What this means is, doctors do not have to compete with each other for patients. People pick a doctor based on whether they are in-network and convenient, and may switch from a doctor that has atrocious front-office staff or ridiculous wait times for appointments, but in general, we don't shop for a doctor we like. Instead, we put up with a doctor we're not deeply unsatisfied with.

Without competition, doctors have no incentive to differentiate their service, or even improve it. They will keep up their continuing education to the bare minimum to maintain licensure, they will schedule their patients as tightly together as they can without causing a riot, and they will give up on figuring out what's wrong after they've determined that you're not likely to die. They won't charge more for better service, or charge less for no-frills service, so everyone gets about the same mediocre attitude from the front office. They won't figure out how to reduce the paperwork burden on their patients. They won't invest in technology unless it improves their bottom line, because they're not in the habit of advertising that they have an EHR or that you can get lab results via email.

Now, yes, there are doctors who are different. They truly care about their patients and strive to create a healthy environment in their offices. They create brochures and websites to educate prospective patients about their services. They are rare, and they also often don't take insurance... because enough people know of them and love them that they don't have to, and because they simply can't take as many patients and keep up quality, so there has to be a throttle somewhere. (This also dramatically reduces their overhead, because they don't have to hire a bevy of medical billers to keep up with all the different insurance companies' claim forms and procedures... they just send you, the patient, an invoice.)

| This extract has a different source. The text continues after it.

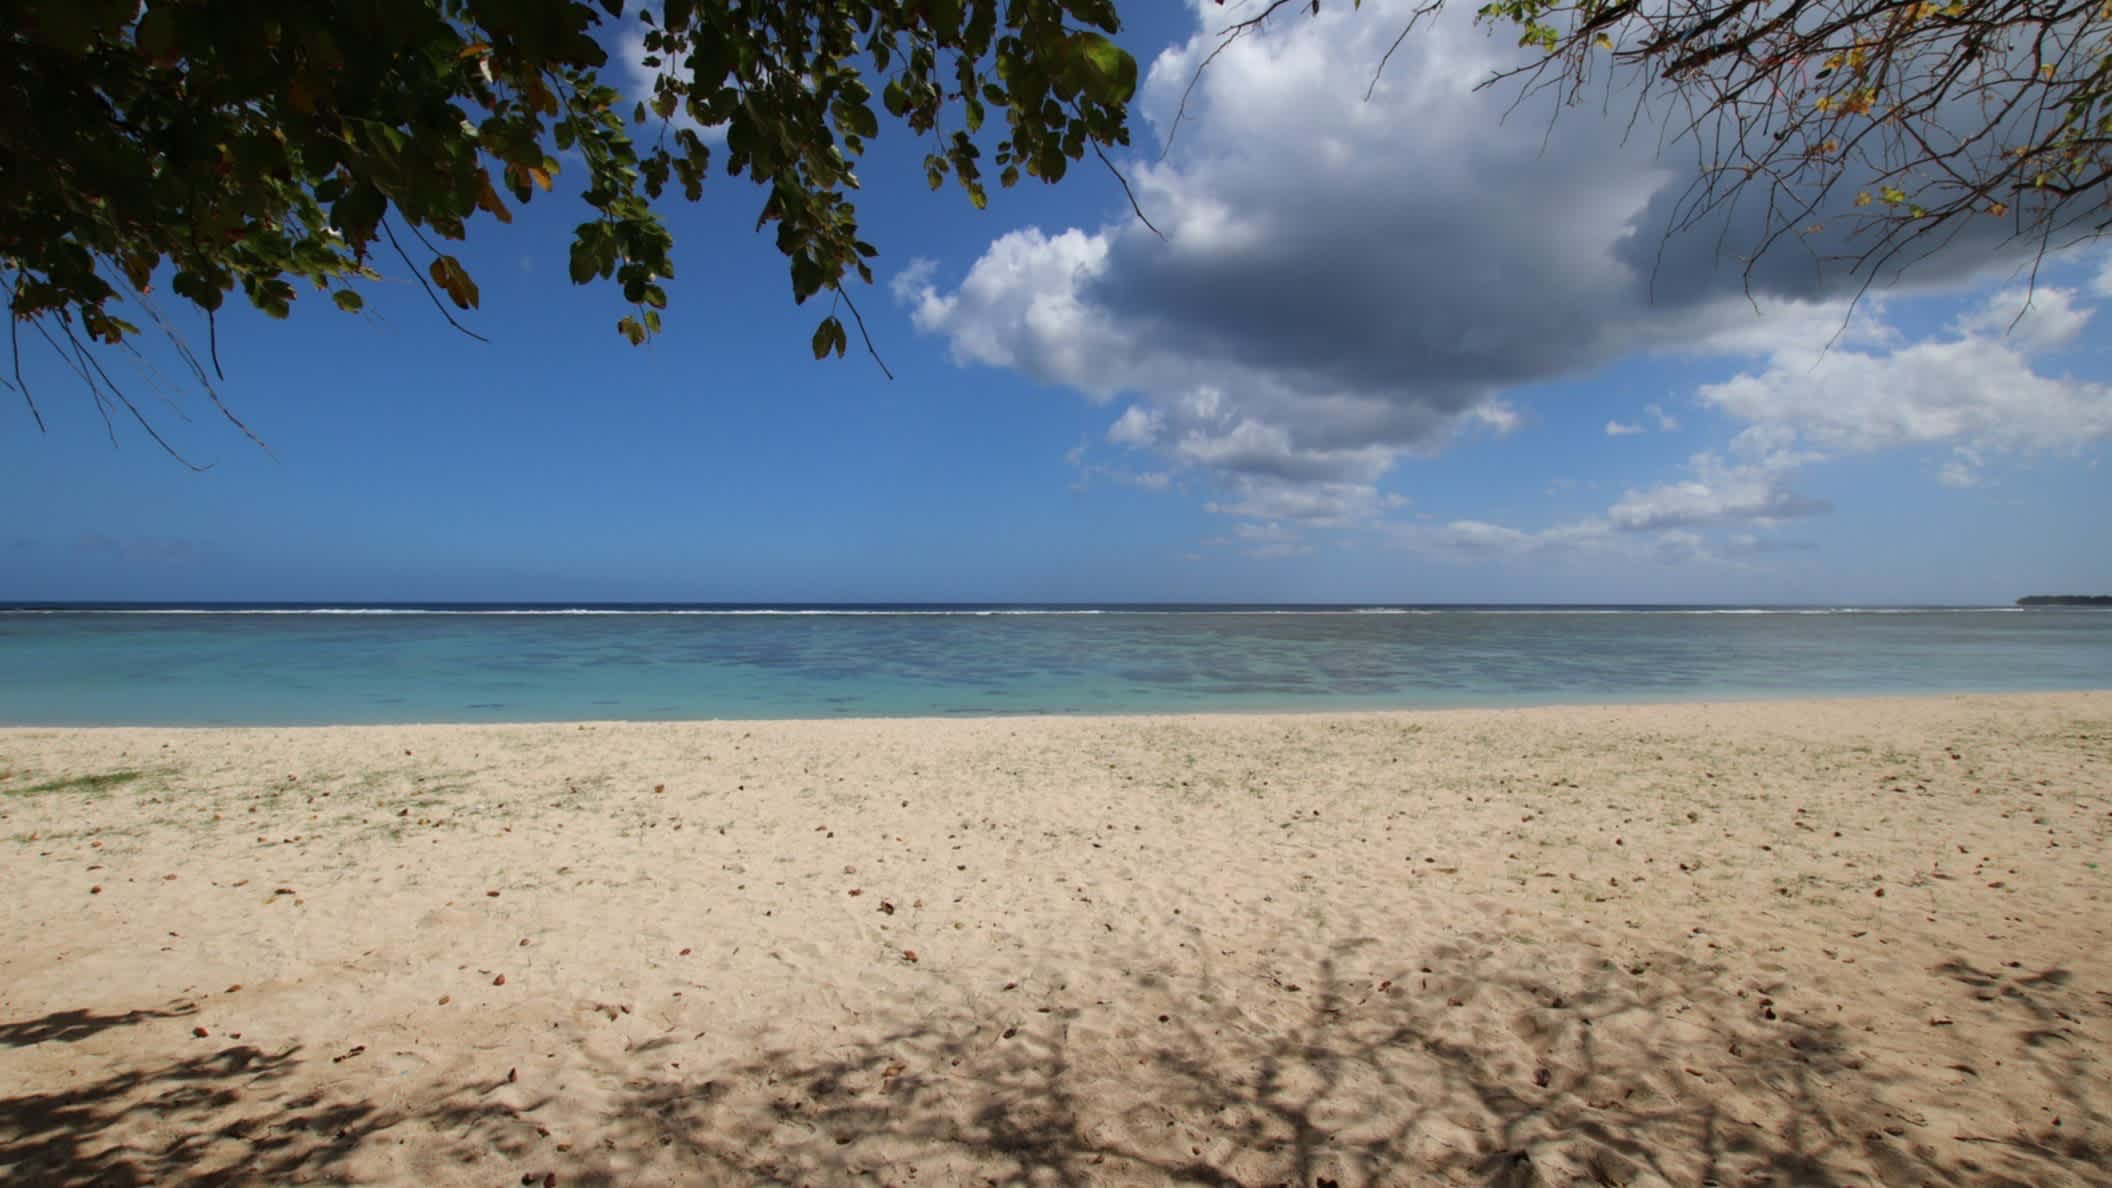 Plage de sable ombragée au bord de la mer, Plage de St Felix, Ile Maurice

As much as I want single-payer health care, that model doesn't really address this particular problem. It may help a bit, by dramatically simplifying medical billing infrastructure (maybe we could finally get on ICD10!), but it won't change the competition. In fact, it may worsen the situation... one of the reasons why doctors don't bother promoting their services is because everyone needs a doctor, and there really aren't enough of them. As medical students continue to choose residencies in specialties over the primary care disciplines, this is becoming a bigger choke point, and single-payer health care would increase the market for primary care without increasing the pool of doctors.

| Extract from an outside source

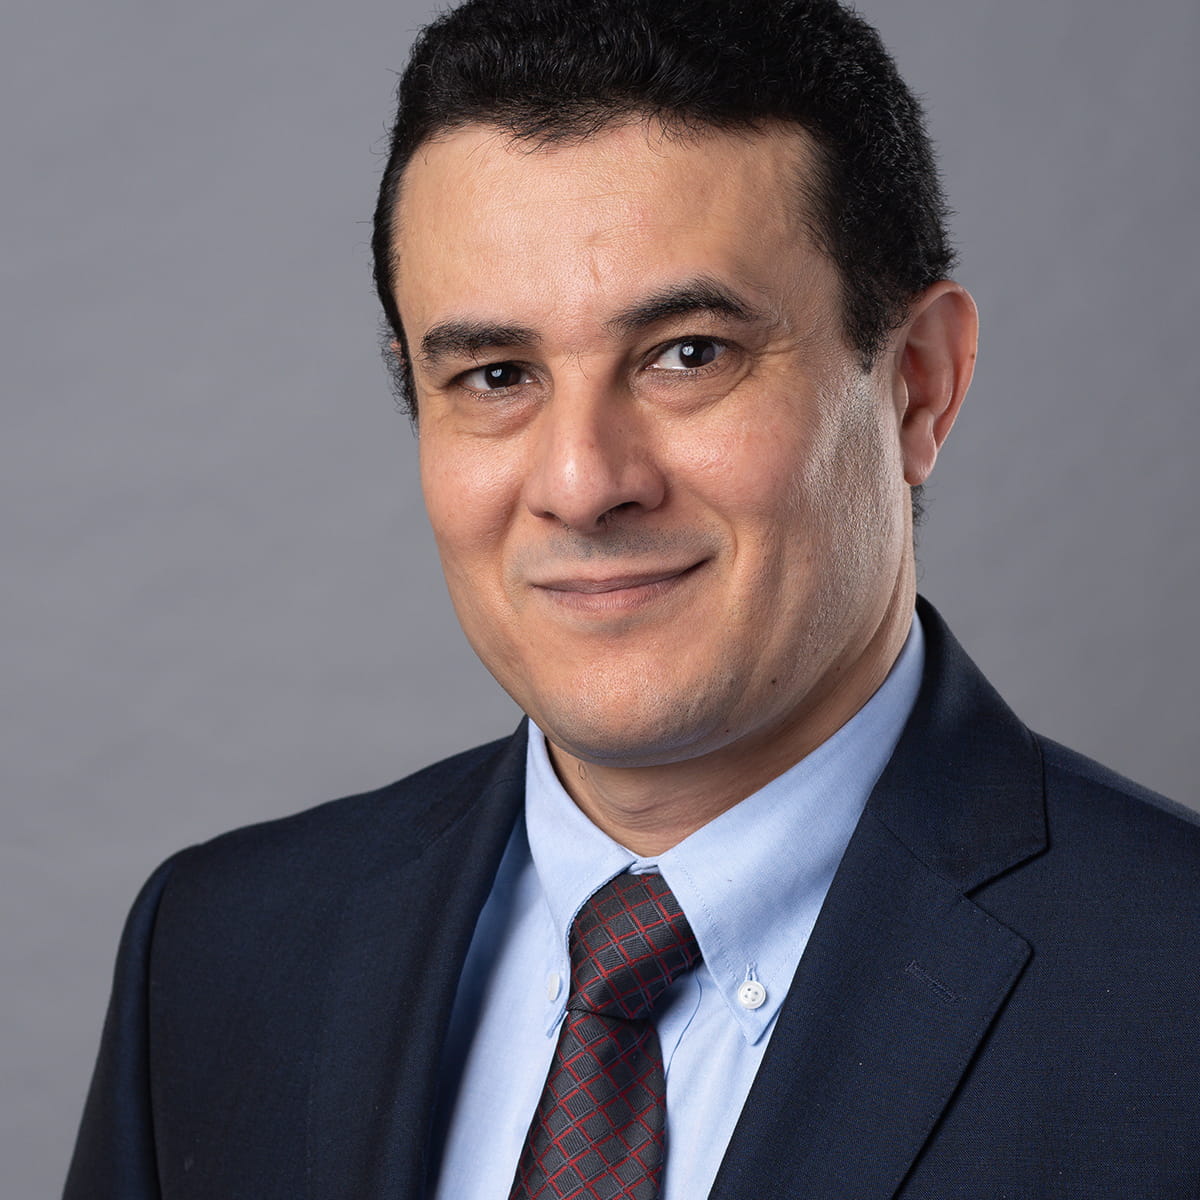 A friendly headshot of Talal Gharir, MD

I don't have a pat solution for this one. Require doctors to schedule five-minute interviews with prospective patients? Create a standard questionnaire for all doctors to fill out, so their answers can be posted somewhere? Clearly, part of the solution is that we need more primary care doctors, and the methods to make that happen are still fairly muddy (money is a big factor). Still, this is one compelling example of why the current health care system cannot efficiently distribute services, and needs overhaul.